When working with differential equations on a plane, converting to polar coordinates is a powerful technique. Polar coordinates express a point in terms of its distance from a central point (the radius, \( r \)) and the angle (\( \theta \)) it makes with a reference line. This conversion simplifies the analysis of circular motion, especially when the equations are nonlinear.
To transform a system into polar coordinates, use:

• \( x = r \cos(\theta) \)
• \( y = r \sin(\theta) \)

This transformation helps us leverage the circular symmetry, as \( x^2 + y^2 = r^2 \) simplifies many radial computations. Once converted, the system often reduces to simpler forms, like separating radial and angular components, making analysis straightforward.

A plane autonomous system features differential equations that do not depend explicitly on the independent variable (usually time \( t \)). Such systems are defined purely by the dependent variables, here \( x \) and \( y \). In the given exercise, this means the derivatives \( x' \) and \( y' \) only rely on \( x \) and \( y \), not directly on time.
This offers benefits:

• Predicts system behavior solely from state variables.
• Allows analysis of trajectories over time without recomputing with every time-step.

Studying these systems involves examining how points move on the plane, which are determined entirely by their current positions, fostering a predictable dynamic like cycling or spiraling patterns.

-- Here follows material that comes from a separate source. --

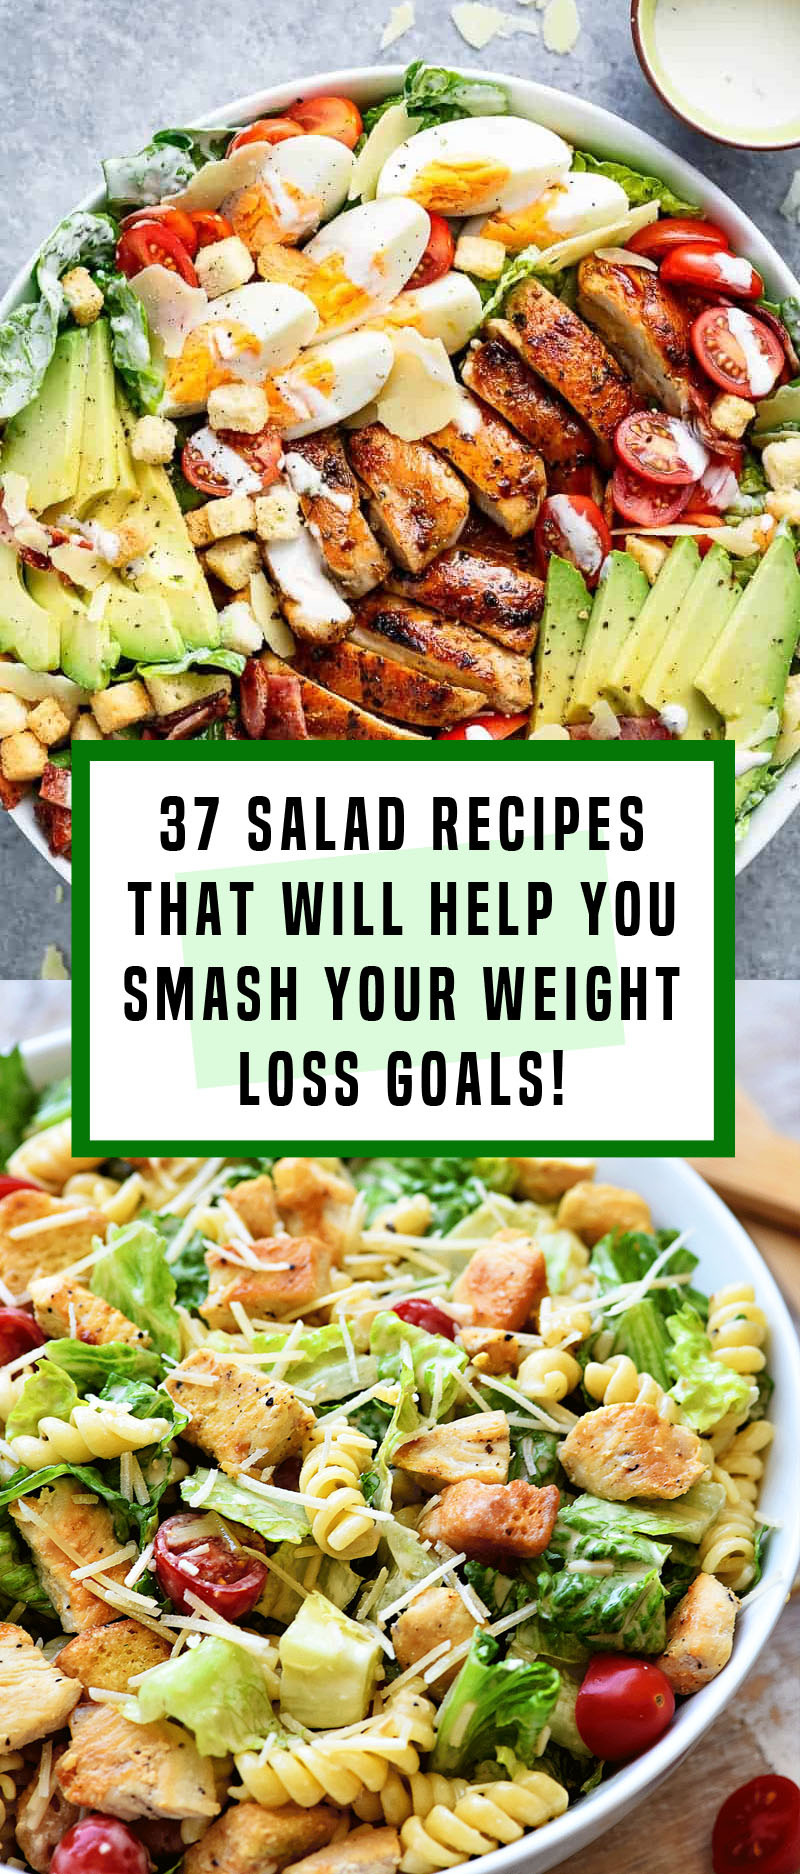 37 Salad Recipes That Will Help You Smash Your Weight Loss Goals Trimmedandtoned
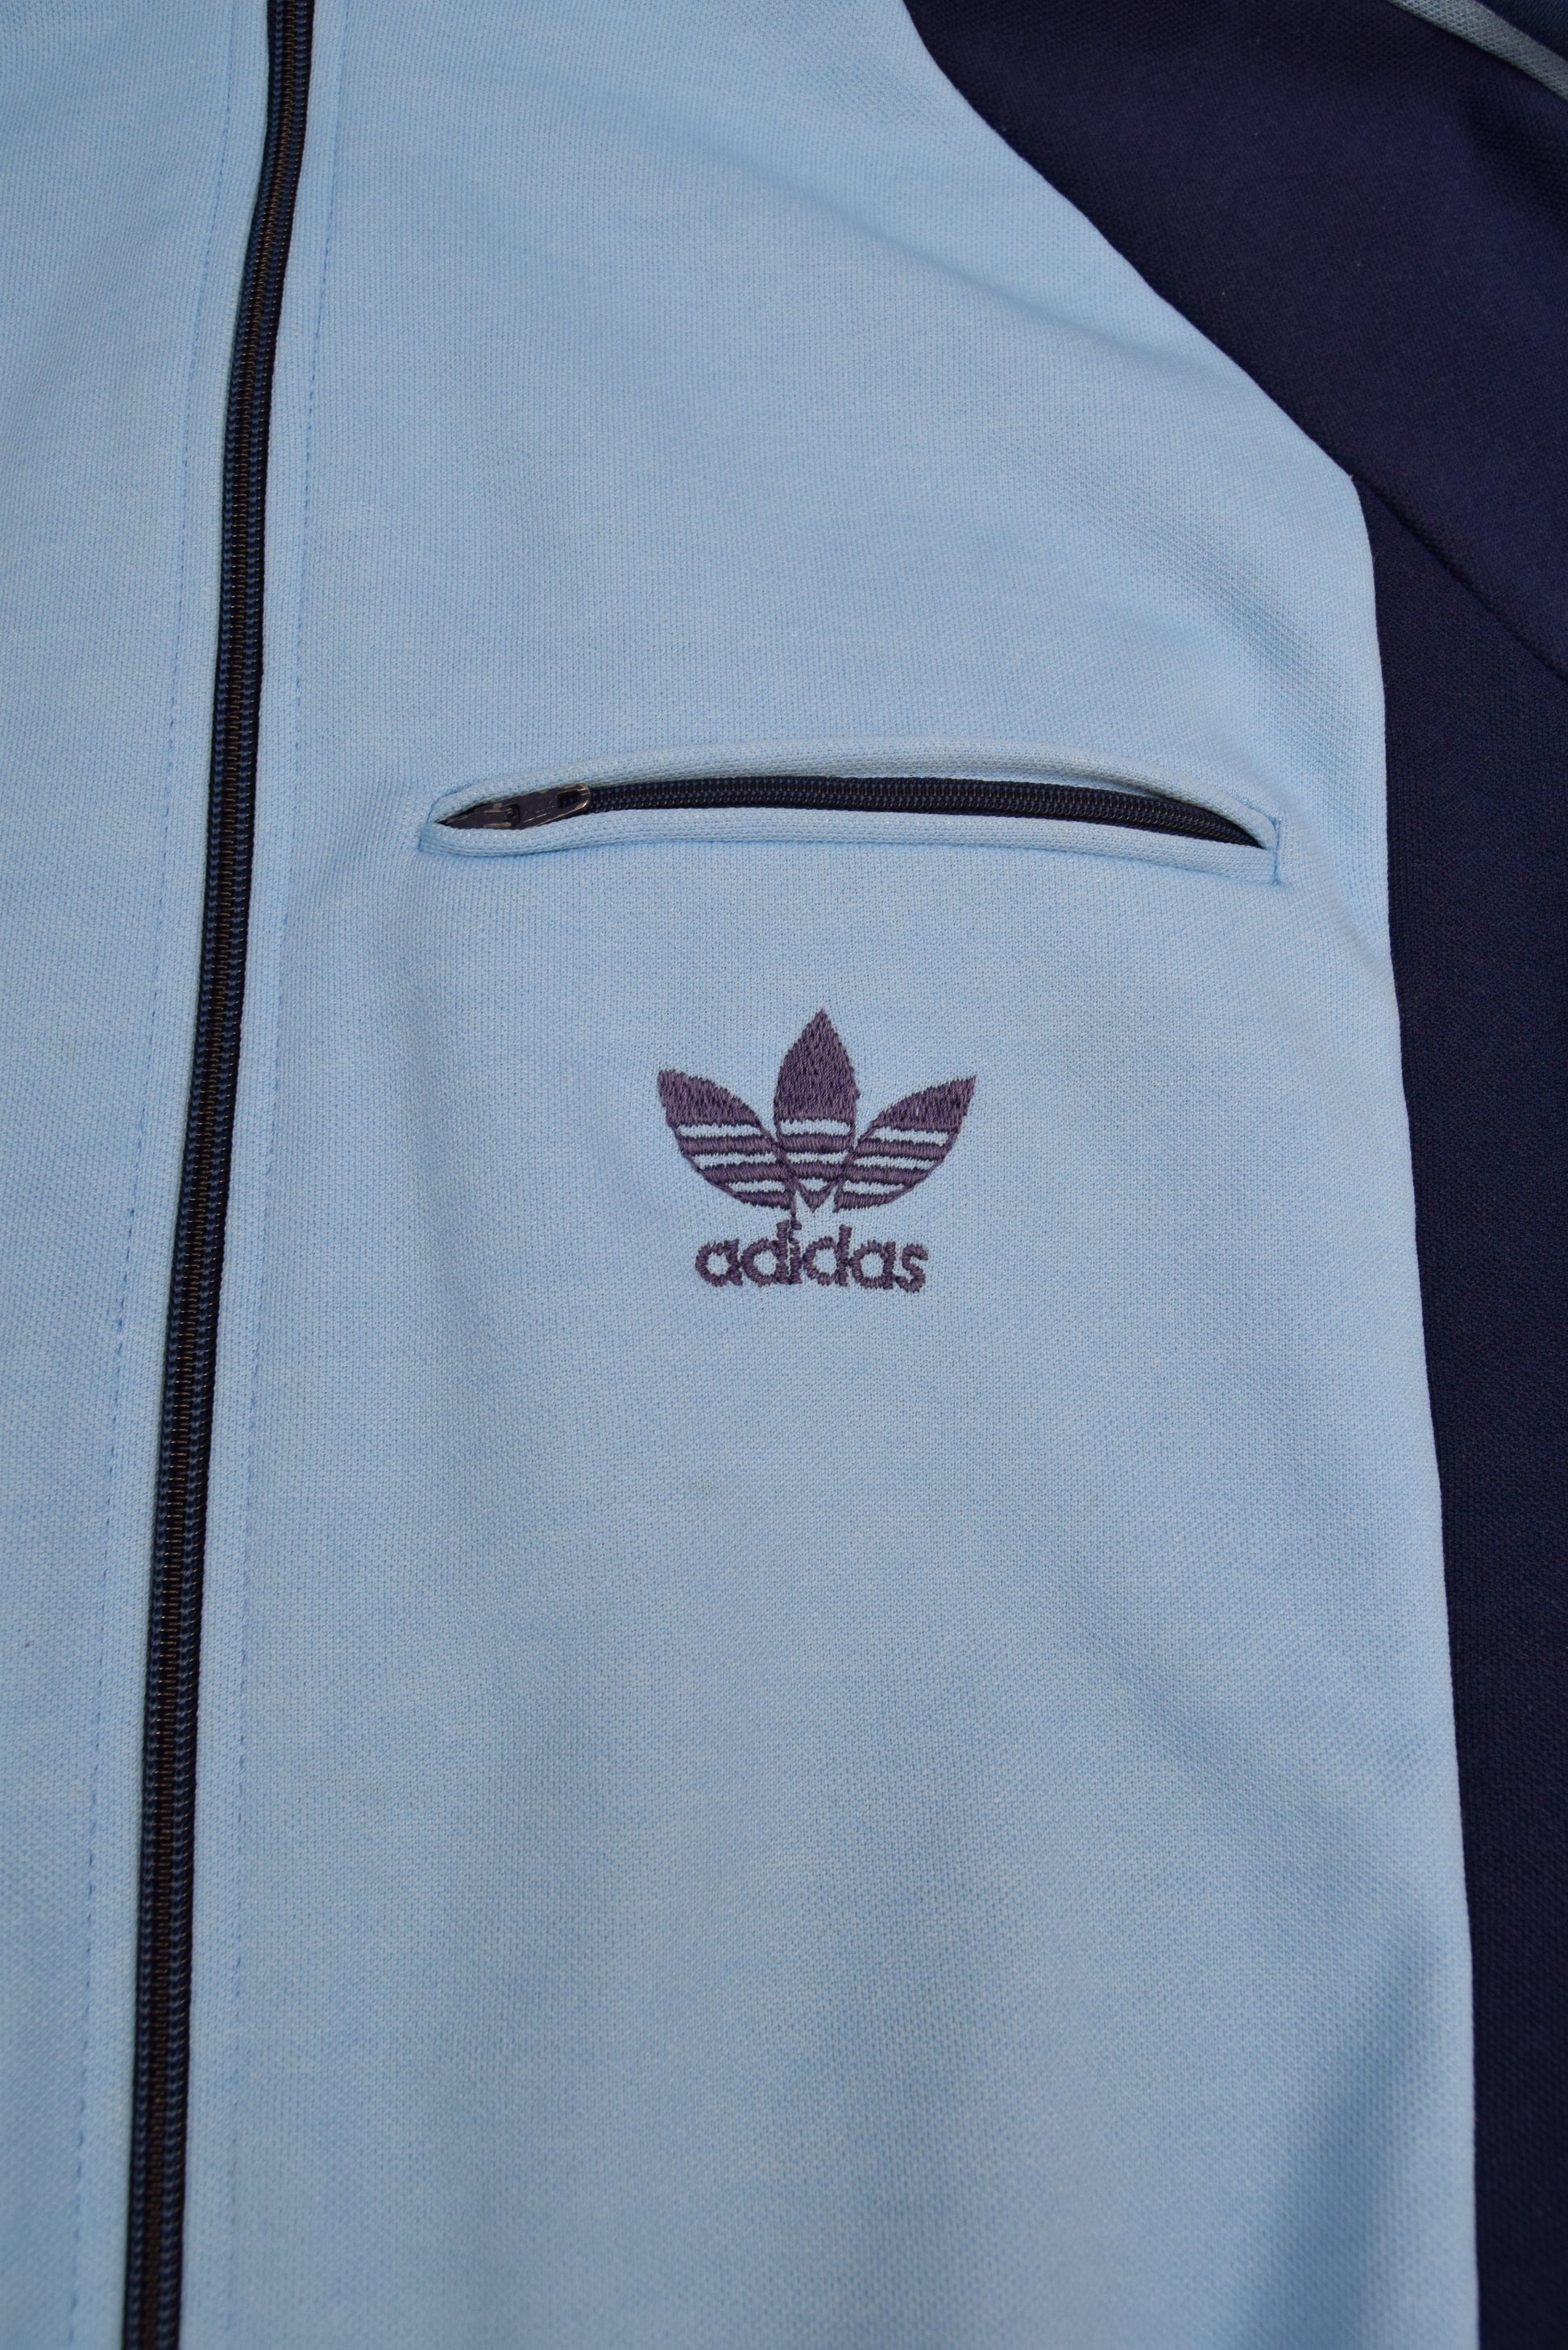 Vintage 70's 80's Adidas Ventex Jacket Track Top Made in France Blue Polyester Cotton Viscose

Geometric behavior in the context of differential equations describes how solutions evolve visually over time. Here, when the system is expressed in polar coordinates, its geometric nature becomes clearer.
The transformation yielded two main equations:

• \( r' = r(1 - r^2) \)
• \( \theta' = 1 \)

The radial equation shows that as time progresses, the radius \( r \) stabilizes at 1. This means solutions either spiral outward from within a circle of radius 1 or spiral inward from outside until reaching this stable circle. The angular equation indicates a constant circular motion around the origin, reinforcing this spiraling behavior.
Understanding geometric behavior allows prediction of how systems evolve, such as approaching a limit cycle or orbit.

Initial conditions set the starting point of a solution for differential equations. They are crucial because they determine the specific trajectory a solution will follow over time.
In this specific system, two initial conditions are given:

• \( \mathbf{X}(0) = (1,0) \)
• \( \mathbf{X}(0) = (2,0) \)

When \( r = 1 \), the initial condition lies directly on the stable circle, so it remains on this circle as \( t \) increases. Conversely, \( r = 2 \) starts outside the stable circle and spirals inward until it reaches \( r = 1 \). This influence of initial conditions highlights the importance of starting points in predicting long-term behavior of solutions.